New Caledonia fears the failure of Clive Palmer’s Queensland Nickel business
WHY nickel drama for Clive Palmer could spell bad news for 300 people in the French overseas territory of New Caledonia.
THERE are fears about 300 New Caledonian workers could lose their jobs if Clive Palmer’s flailing Queensland Nickel company is shut down.
The French overseas territory relies heavily on its income from nickel ore exports, and Mr Palmer is one of their biggest customers.
The New Caledonian president has personally warned Mr Palmer that if his nickel empire collapsed it could spark civil unrest on the Pacific island, where a quarter of private sector employment related to nickel exports.

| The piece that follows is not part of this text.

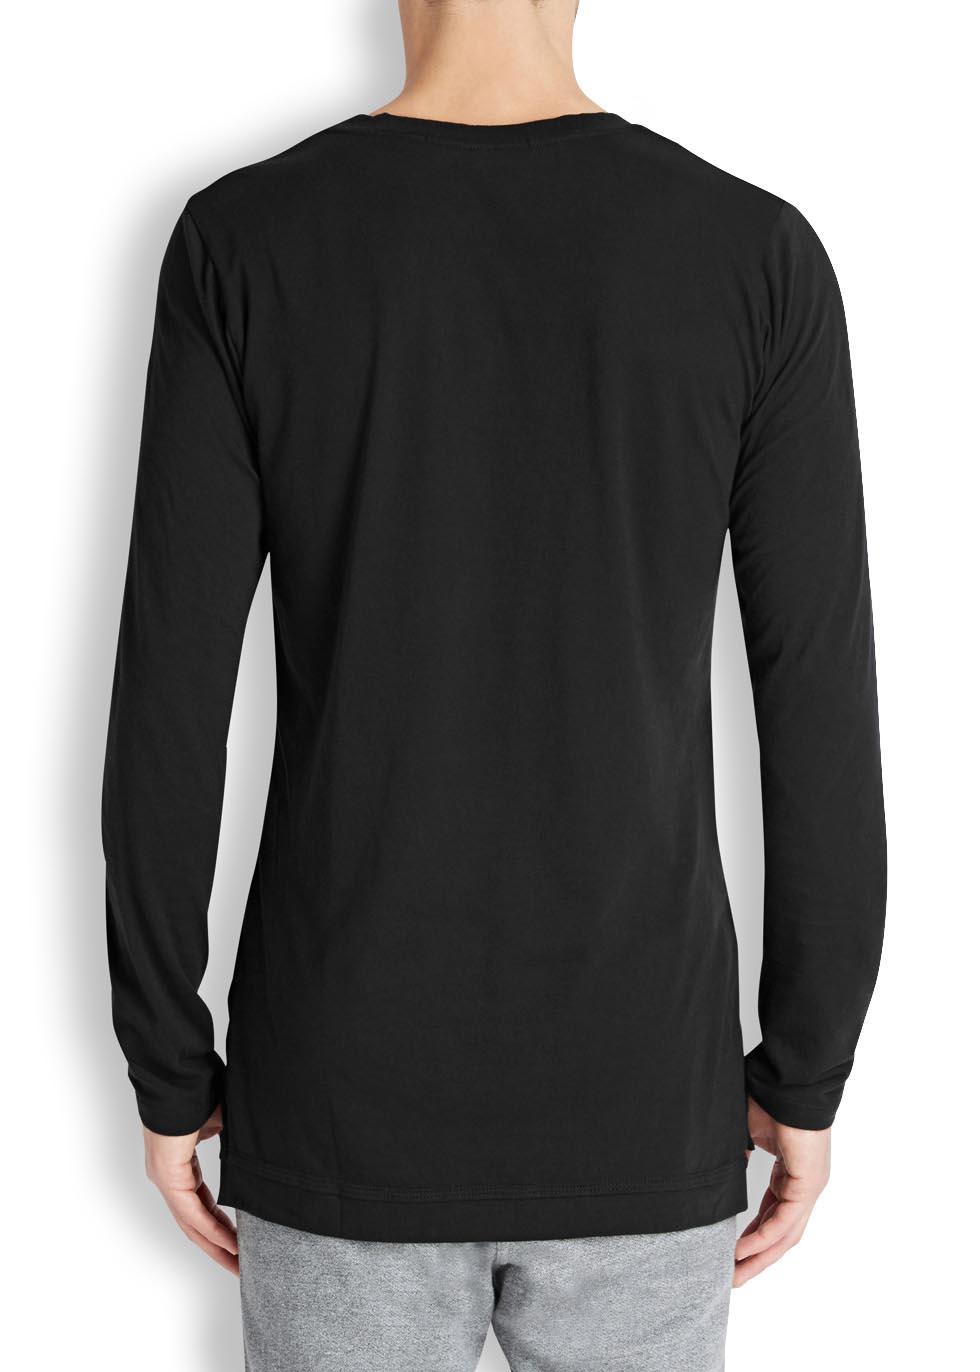 Mercer black Supima cotton blend top - John Elliott

Mr Palmer’s Queensland Nickel business went into voluntary administration last month with debts of more than $100 million. It also sacked 237 workers from the Yabulu refinery.
Yann Mainguet, a journalist from New Caledonia’s only daily newspaper, Les Nouvelles Calédoniennes, said the territory has been involved with Queensland Nickel’s refinery near Townsville for 28 years.
“The extraction of Caledonian laterite for Australia generates a lot of activity on the east coast of New Caledonia,” Mainguet told the Townsville Bulletin.
“Rolling, loading ... almost 300 jobs depend on these contracts with the Yabulu plant.”
New Caledonia, about 1470km northeast of Brisbane, hosts about a quarter of the world’s known nickel deposits.
Mr Mainguet said if Queensland Nickel closed, New Caledonia would have to find new markets for its nickel laterite ore.
“The hypothesis has been the subject of debate in the territory, and the question of price per tonne has been posed,” he said.
“All options must be studied.
“New Caledonia exported around a million tonnes of laterite to Queensland Nickel last year. That is almost half the volume sent in the past.”
But the likelihood of a buyer for the embattled Yabulu refinery appears remote with the nickel sector in the midst of a huge global crisis and massive losses.
The nickel division of the French Eramet group this month recorded losses of $400 million in 2015 and the French Government has undertaken to support New Caledonia’s nickel plants in Noumea and Koniambo, the Townsville Bulletin reports.
Last week West Australian nickel miner and processor Western Areas reported a first-half $20 million loss and the giant Anglo American is understood to be looking to sell its $1 billion nickel division.